DBF files started as binary files for the DBase data management program. However, many other applications can create .dbf files, most notably ESRI's ARC/GIS shapfiles, which store attribute data in .dbf files. DBF files are individual tables, so they import directly as dataframes.

Rcommander can read .dbf files, but you might need more flexibility or power than it provides, or you may want a script for repeated analyses.

The library foreign includes a function read.dbf() explicitly for importing a .dbf file into an R dataframe. Beware, because several other packages include read.dbf() functions, with conflicting arguments (e.g., the filename is specified as "myfile" instead of "myfile.dbf"). This function understands logical, numeric and date fields, any other field type in the .dbf file becomes a character vector.


Relational Databases

More complex datasets are usually stored as relational databases, where information can be contained in several related tables. For instance, one table might have data on species composition at a number of sites. A second table might have information about several park units. These tables would be linked by a pair of columns indicating which park each site belonged to. This pair of columns could be part of the table of site data, or it could be a separate table (as long as the site table has a name or label for each site). One advantage of storing the data in related tables is that information common to an entire park is not duplicated for each site, but only stored once, both saving space and simplifying editing and updating of the park-level data.

ODBC is a standard for "open database connectivity", originally for Microsoft products, but now applicable to most database applications on most operating systems.

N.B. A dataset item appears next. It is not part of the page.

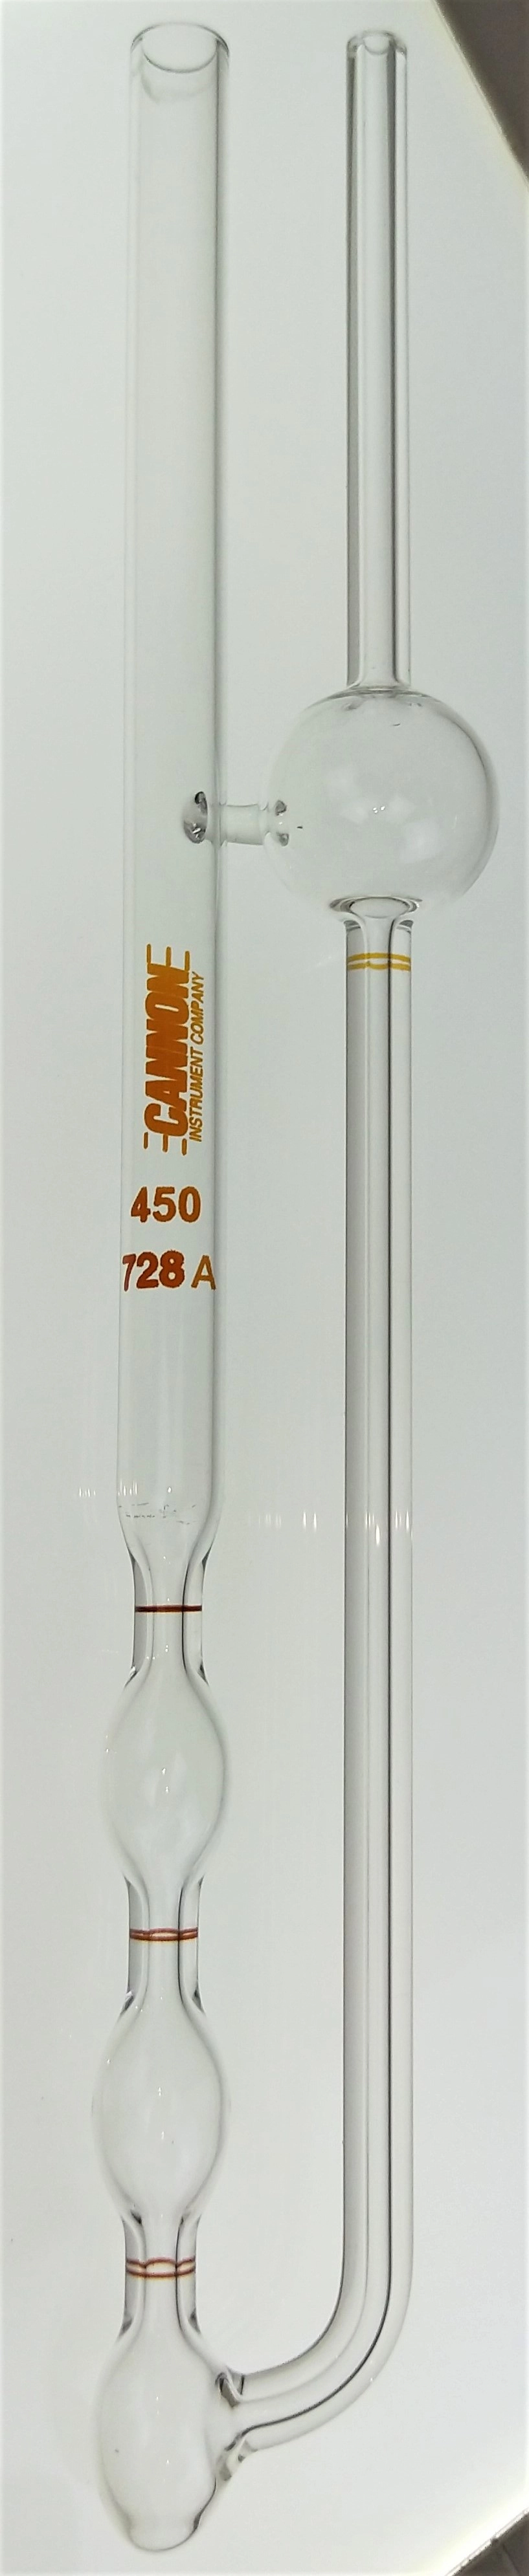 Cannon-Fenske CFOC-450 (9721-F77) Certified Opaque Viscometer Tube - Size 450
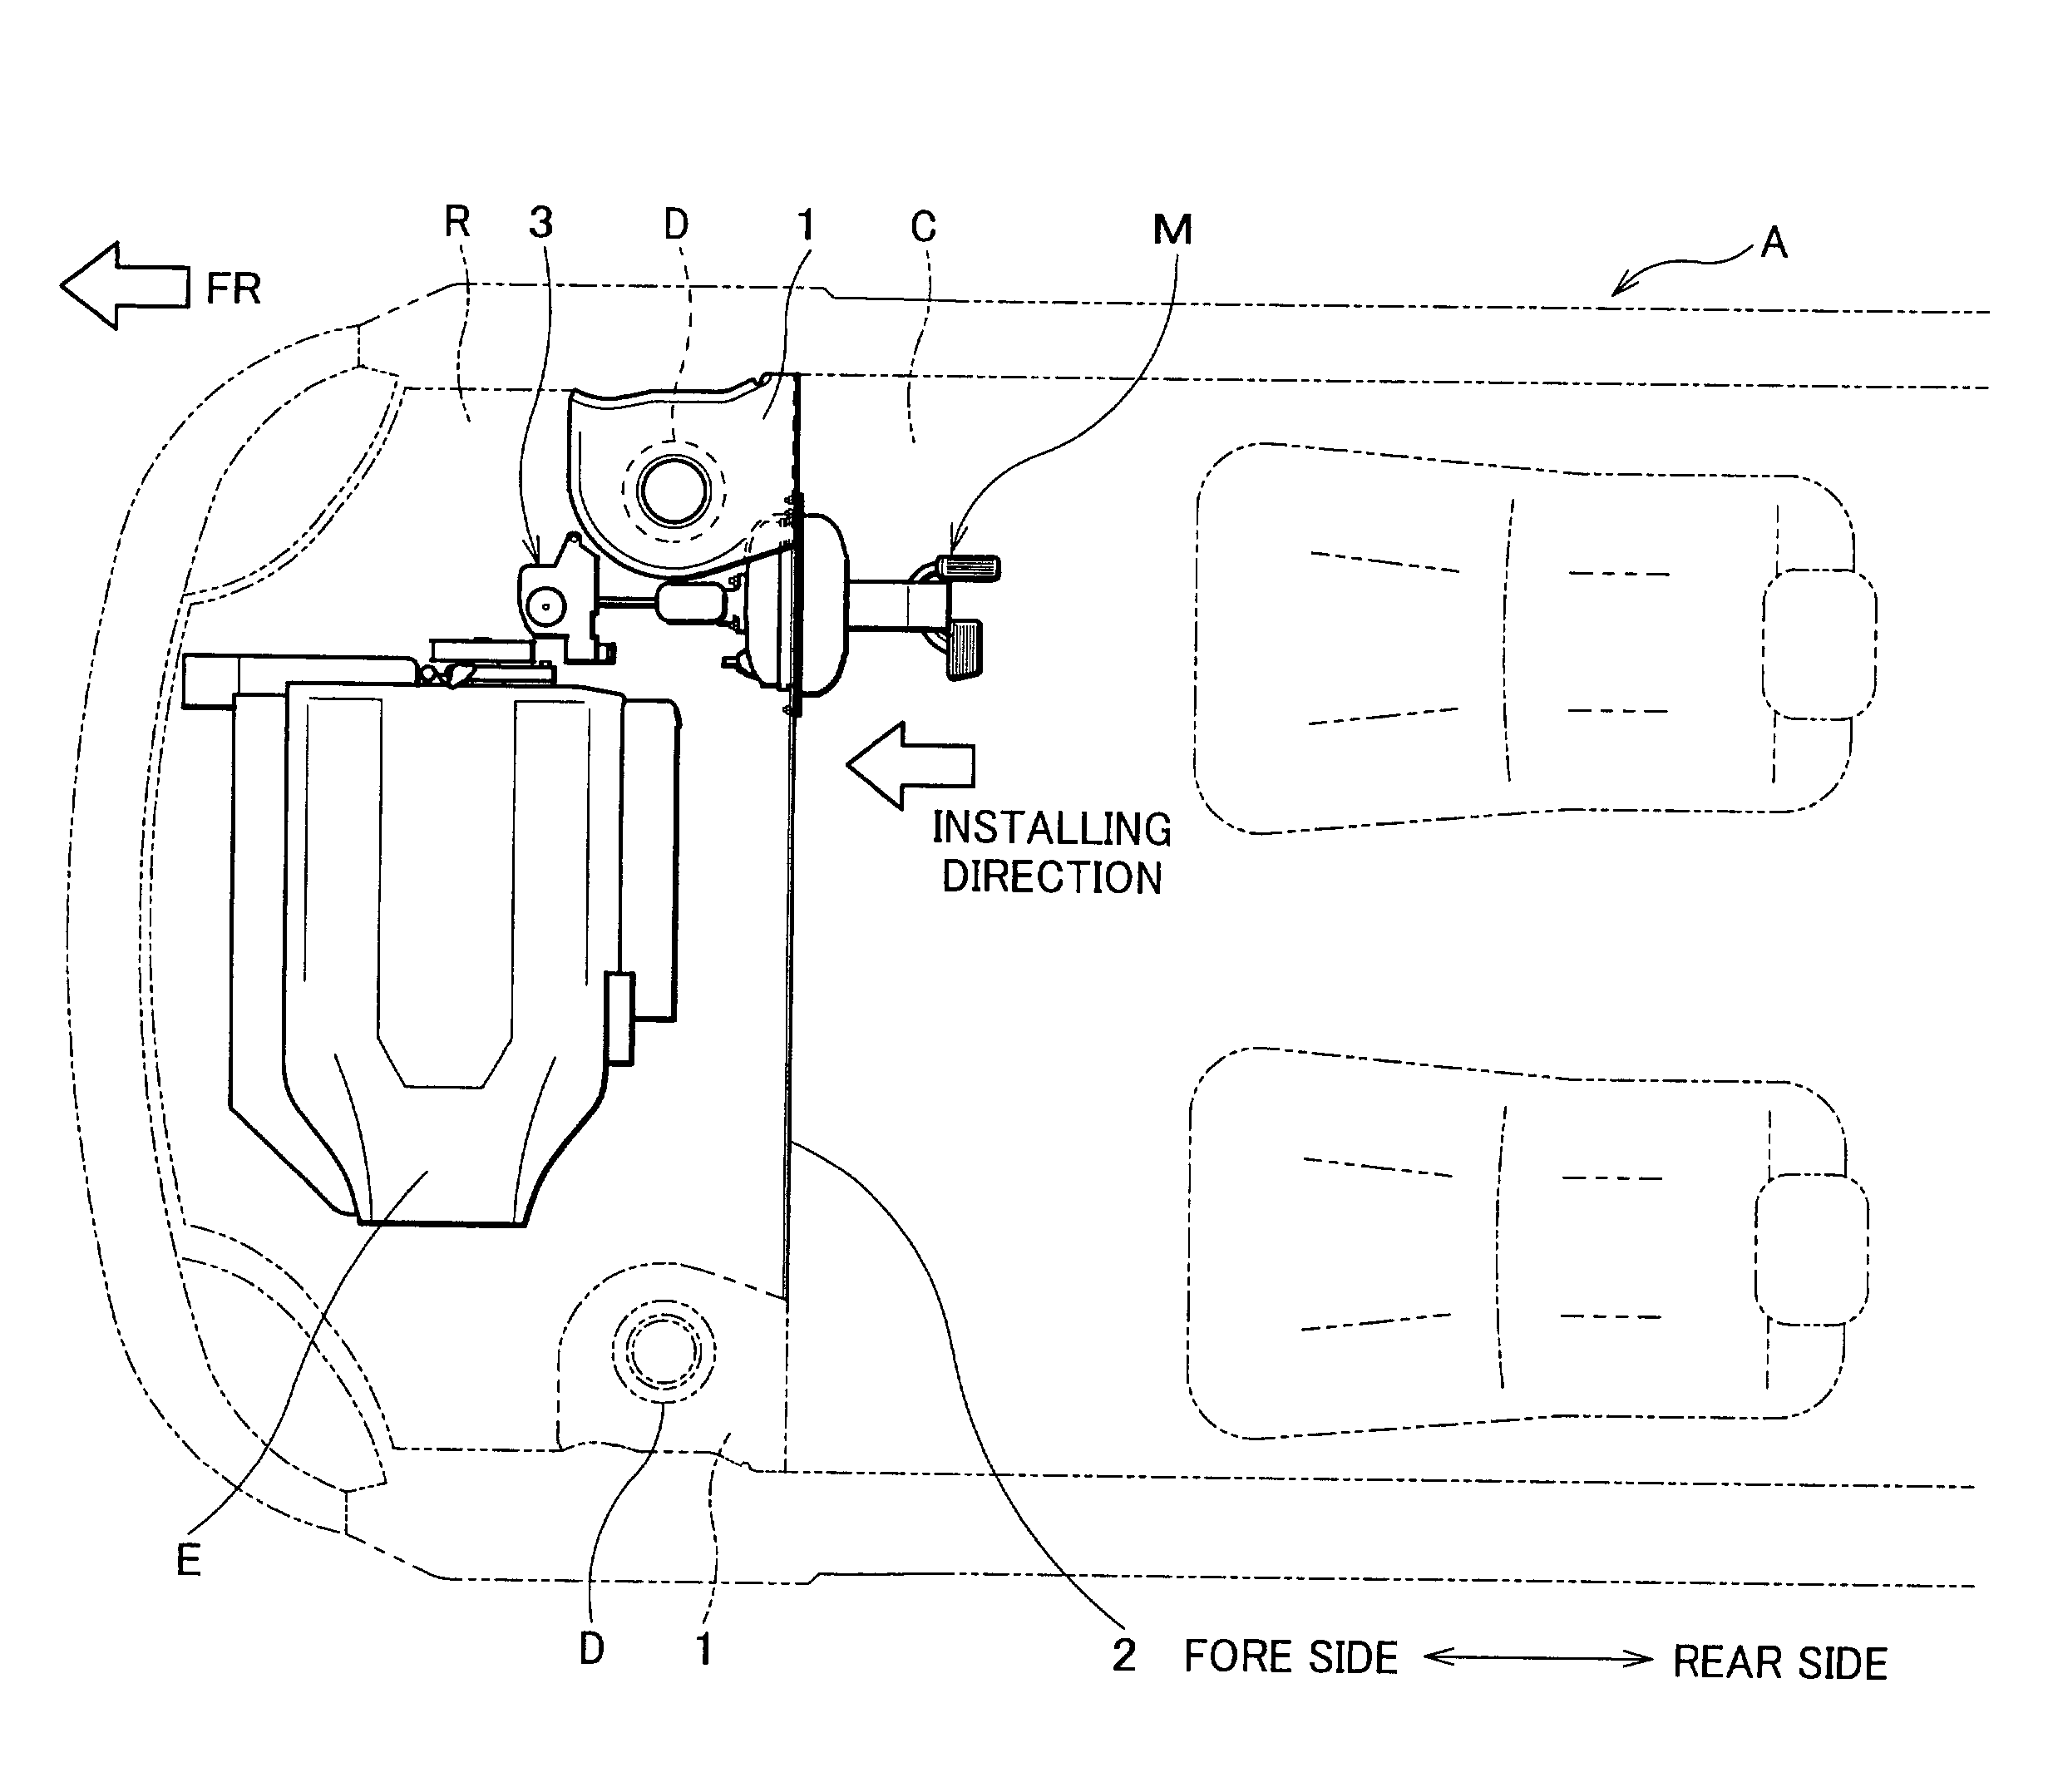 Attaching structure of a brake fluid pressure generator

RODBC is an R package for communicating with most databases, where communicating includes reading, writing, and manipulating the remote database .

The simplest way to get data from a relational database into R requires 2 steps: first defining the data source, then grabbing the dataframe. The odbcConnect() family of functions define the data source, and have versions tweaked for Access, Excel, Dbase, so that you don't have to specify the parameters for each source. Note that because Microsoft slightly tweaks Access and Excel between versions of Office, the odbcConnectAccess() function only works with Office 2003; odbcConnectAccess2007() works with Access 2007 and most Access 2010 files. When in doubt, either consult the documentation (?odbcConnect), or try appending a version on the end: odbcConnectAccess2010(). sqlTables() returns a list of tables and views in that data source. One key is that saved or pre-defined queries in the DBMS are actually "views", so their data can be imported as easily as data tables per se. sqlFetch() returns a data table or view from that data source. Note that one can have "virtual" tables in an Access .mdb file that are really links to external files or to tables in other .mdb files. Many I&M networks keep their common lookup tables (species names, locations, etc.) as external tables. If you are running from their table locations, these external links will often work. If you are working from a copy of their database, you are likely to get error messages that the table is not found, or the table / file is locked.

An example:

While the menu in Rcommander can read an individual table in an MSAccess database as a dataframe, it does not handle relationships among tables. One approach is to use commands in MSAccess or MySQL or even a spreadsheet to perform all of the data manipulations first, creating a table that you can directly import as the required dataframe. That is the simplest from the R side, and is what Paul assumes for the Learn R course. However, one does not always have write access to the relevant database, which can be somewhere on the internet as easily as somewhere on your local hard drive.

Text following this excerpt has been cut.